Required work
Keep the pictures out. Write out every line of the listing exactly.

[Given information Boundary: Start]

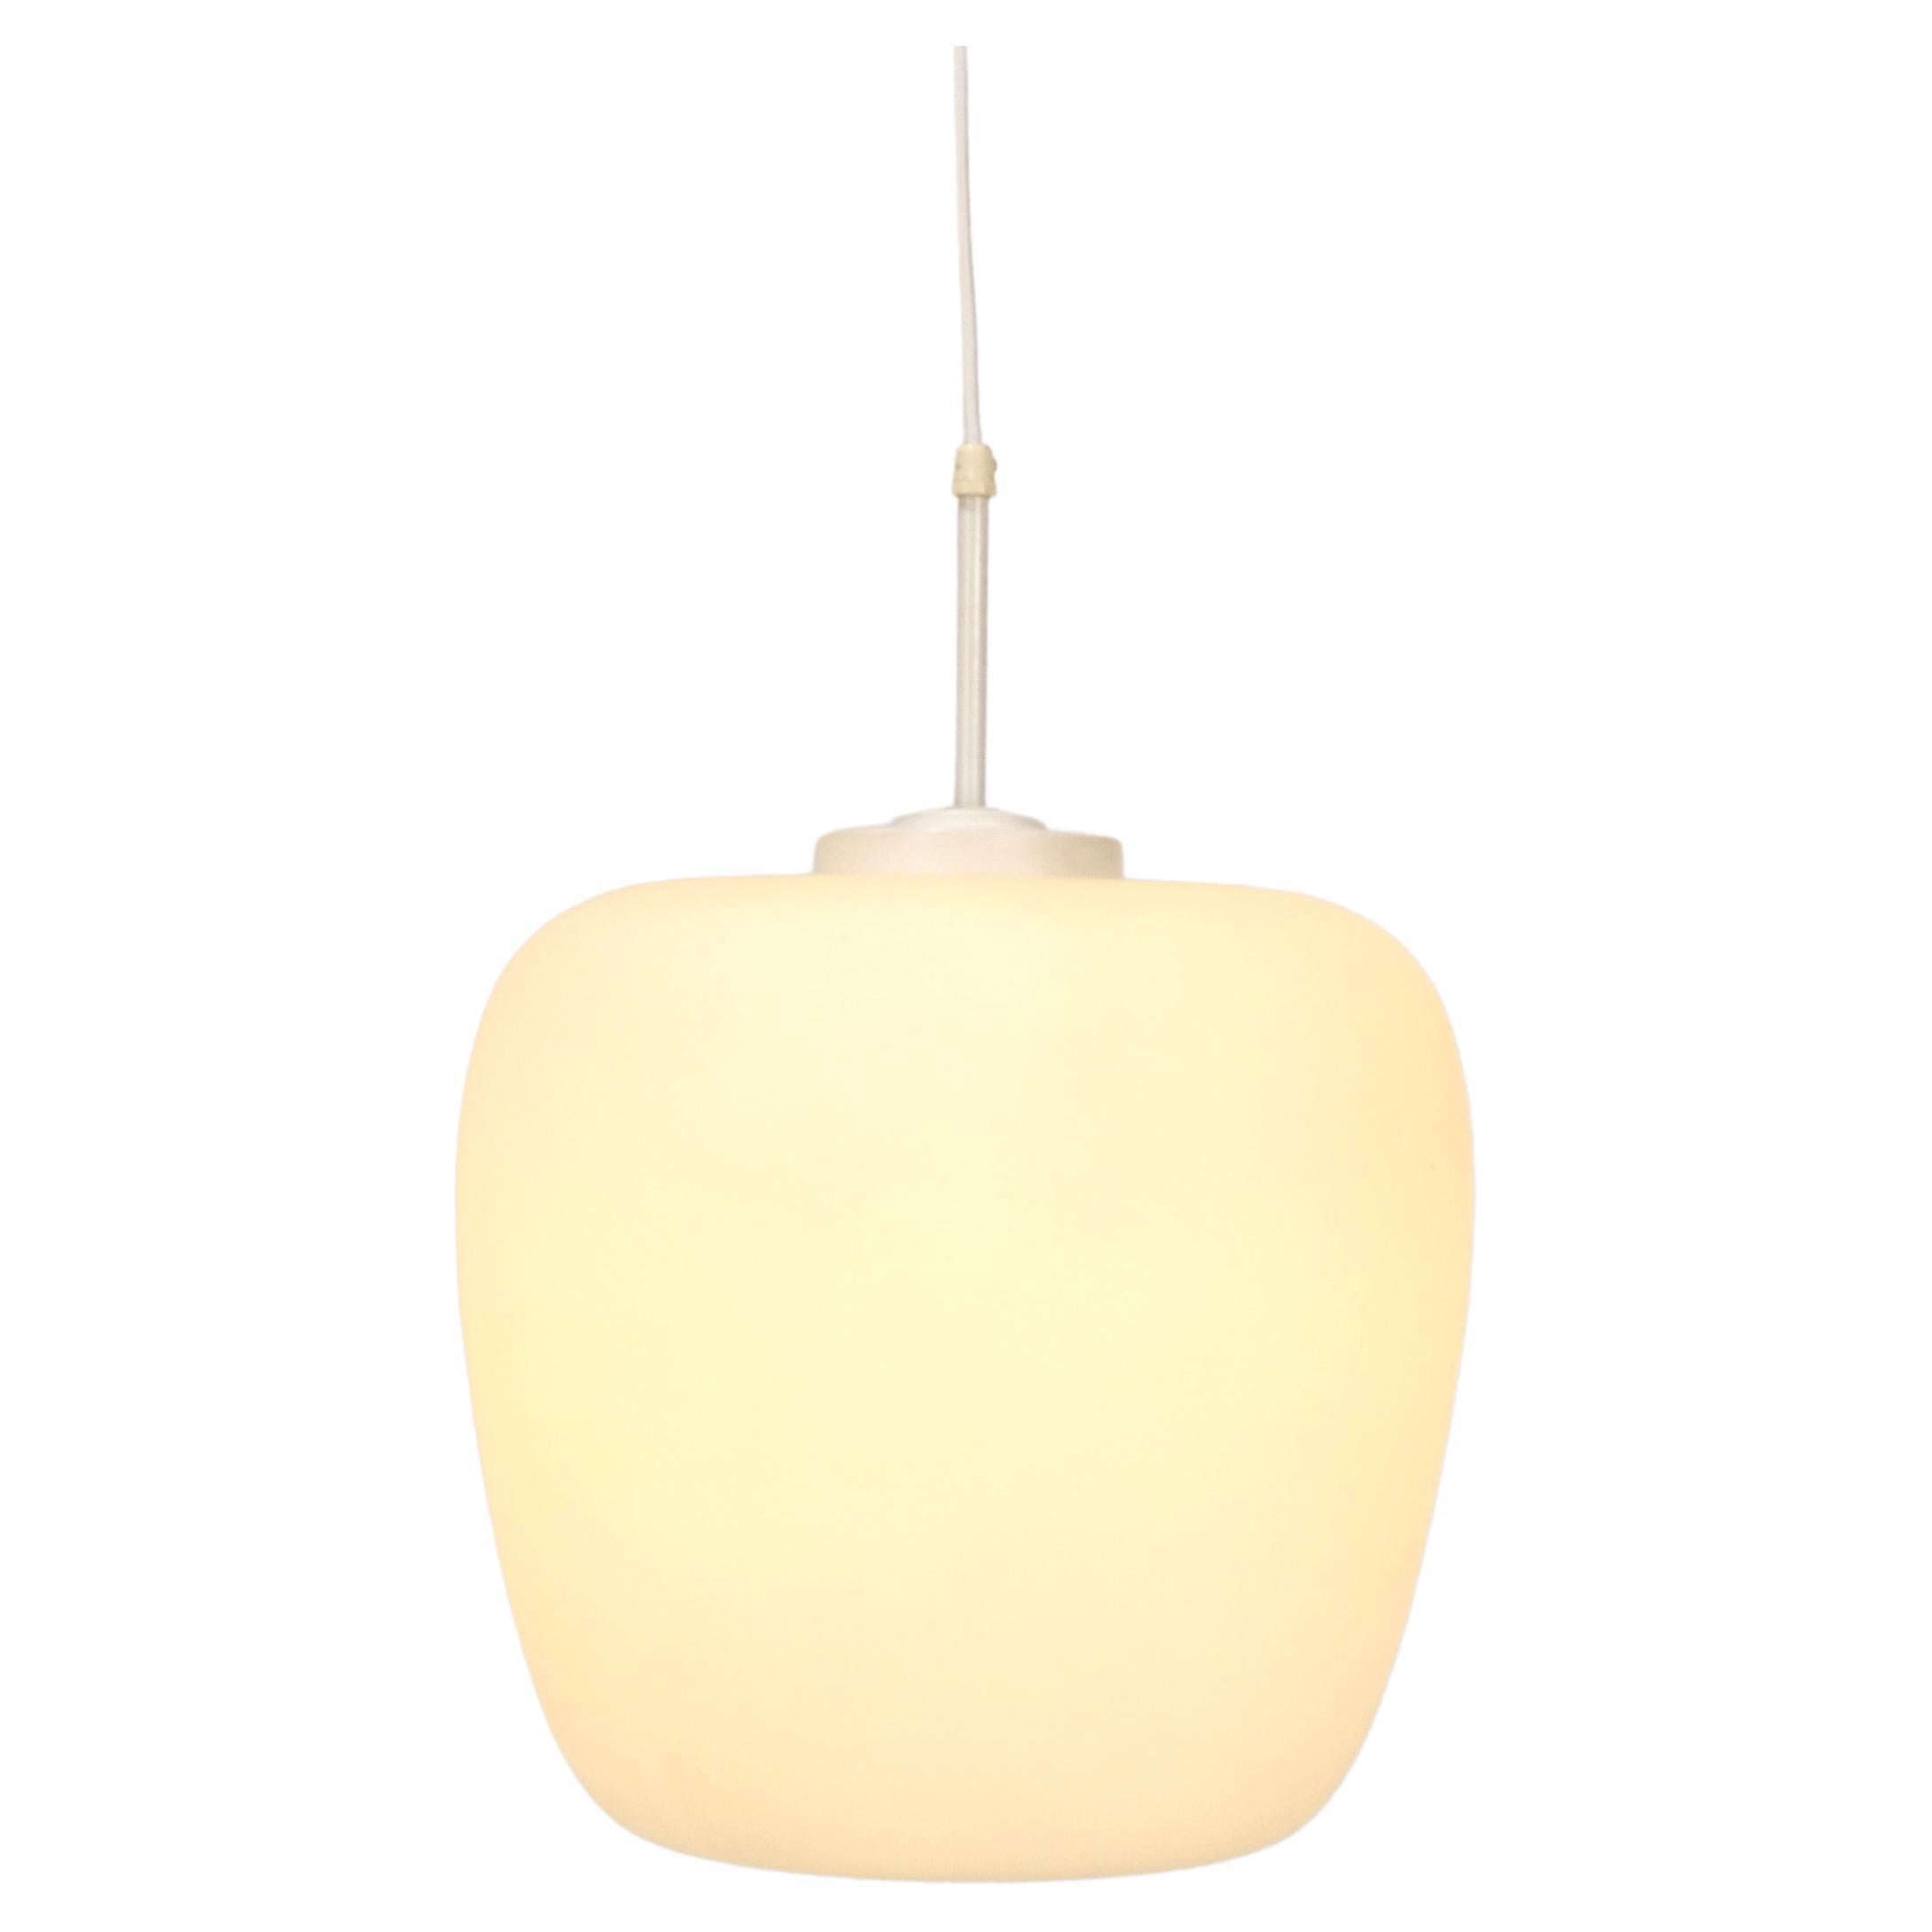 Great pendant lamp in the style of " Kina Lamp" by Bent Karlby For Sale
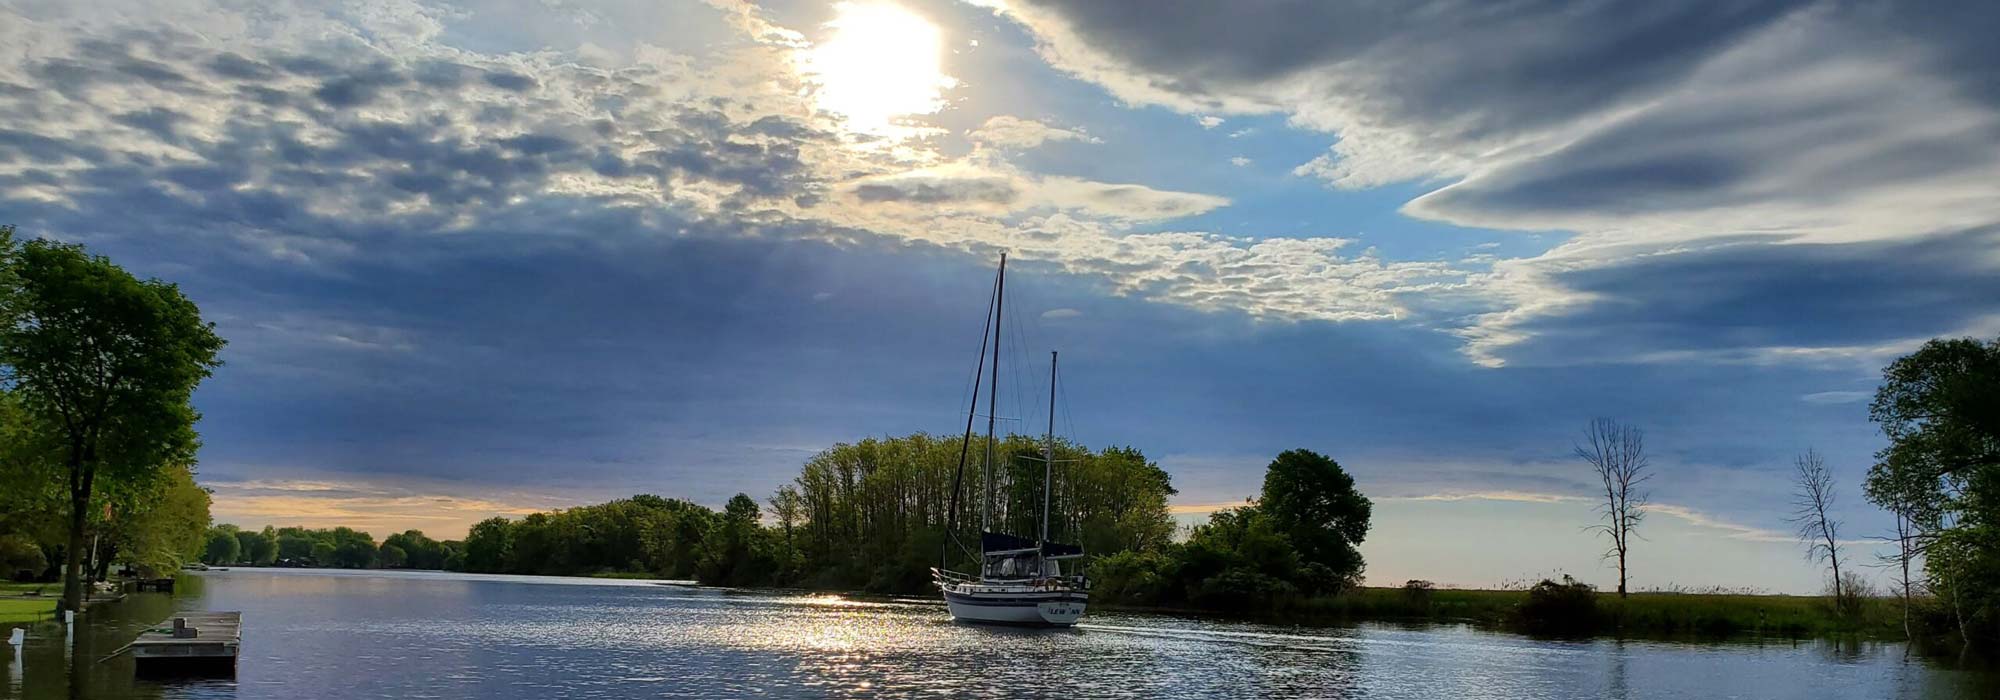 Sailboat on the river
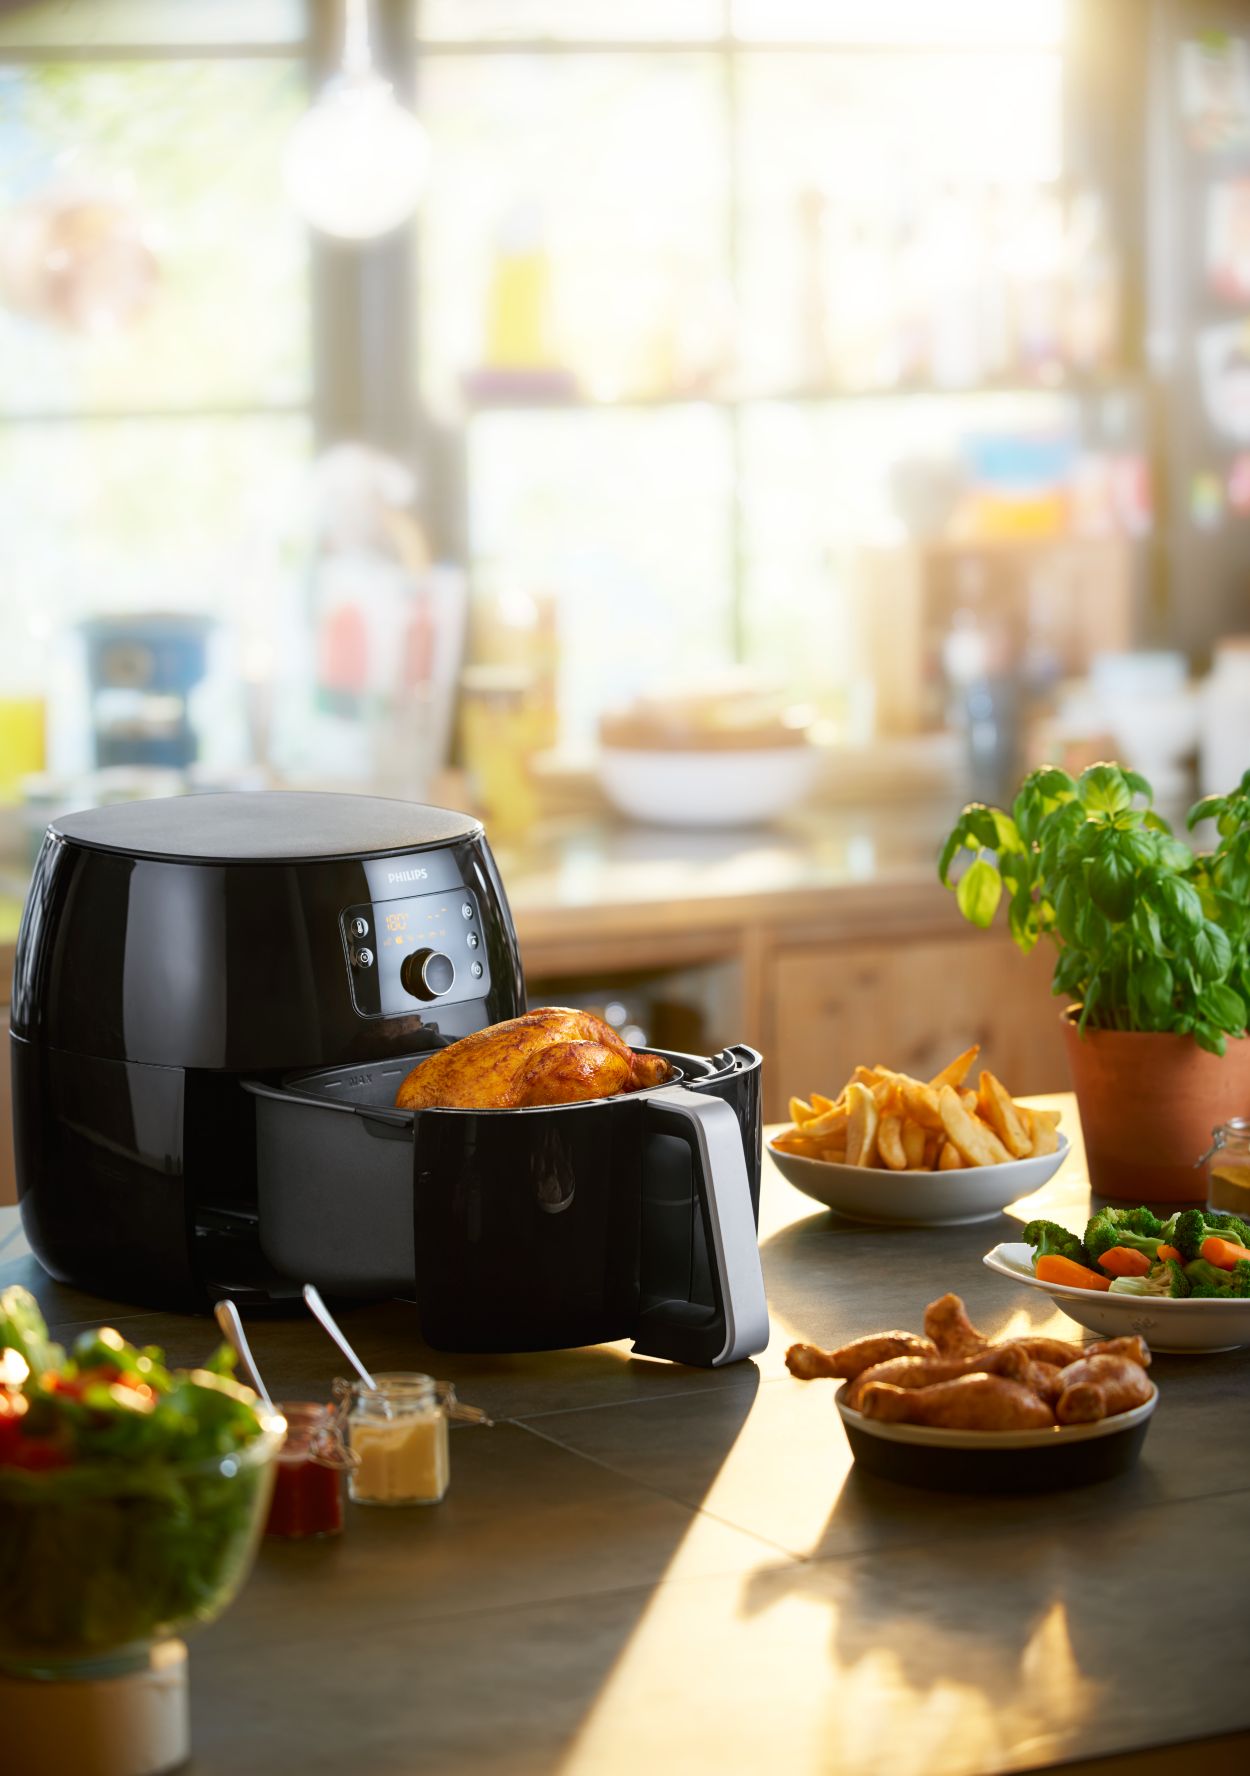 Unboxing and review of Philips Airfryer XXL HD9650/96 
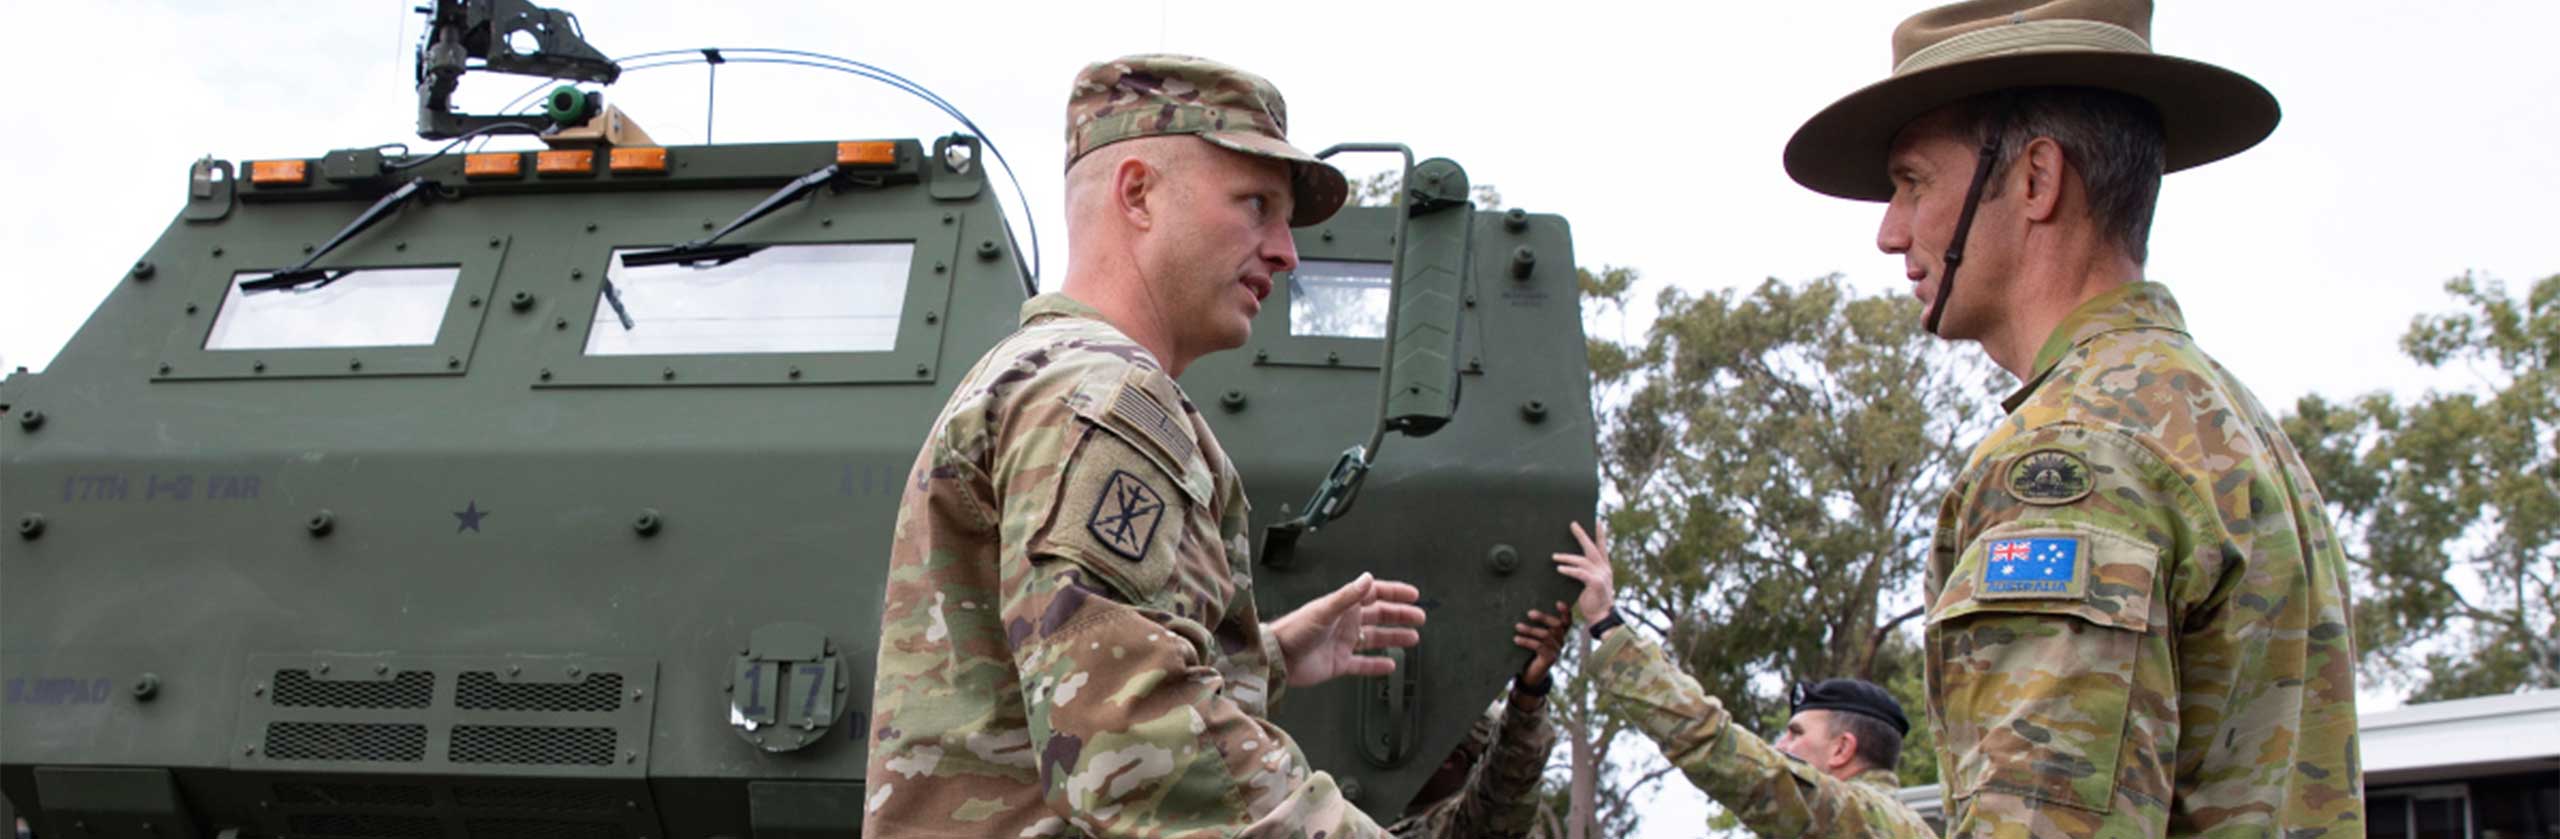 (Left) Colonel Andy Knight, Commander of the US Army’s 17th Field Artillery Brigade, briefs Brigadier Brett Chaloner (right), Commander of the Australian Army’s 13th Brigade, on the capabilities of a US Army High Mobility Artillery Rocket System (HIMARS) launcher during an open day for 13 Brigade members and guests at Irwin Barracks, Karrakatta, near Perth in Western Australia.Two HIMARS launchers from the 17th Field Artillery Brigade are in Western Australia for Exercise HIGHBALL, which will develop how the Australian Defence Force employs long-range land-based precision rocket and missile systems.

[Given information Boundary: End]

The completed task
 Great pendant lamp in the style of " Kina Lamp" by Bent Karlby For Sale
 Sailboat on the river
 Unboxing and review of Philips Airfryer XXL HD9650/96 
 (Left) Colonel Andy Knight, Commander of the US Army’s 17th Field Artillery Brigade, briefs Brigadier Brett Chaloner (right), Commander of the Australian Army’s 13th Brigade, on the capabilities of a US Army High Mobility Artillery Rocket System (HIMARS) launcher during an open day for 13 Brigade members and guests at Irwin Barracks, Karrakatta, near Perth in Western Australia.Two HIMARS launchers from the 17th Field Artillery Brigade are in Western Australia for Exercise HIGHBALL, which will develop how the Australian Defence Force employs long-range land-based precision rocket and missile systems.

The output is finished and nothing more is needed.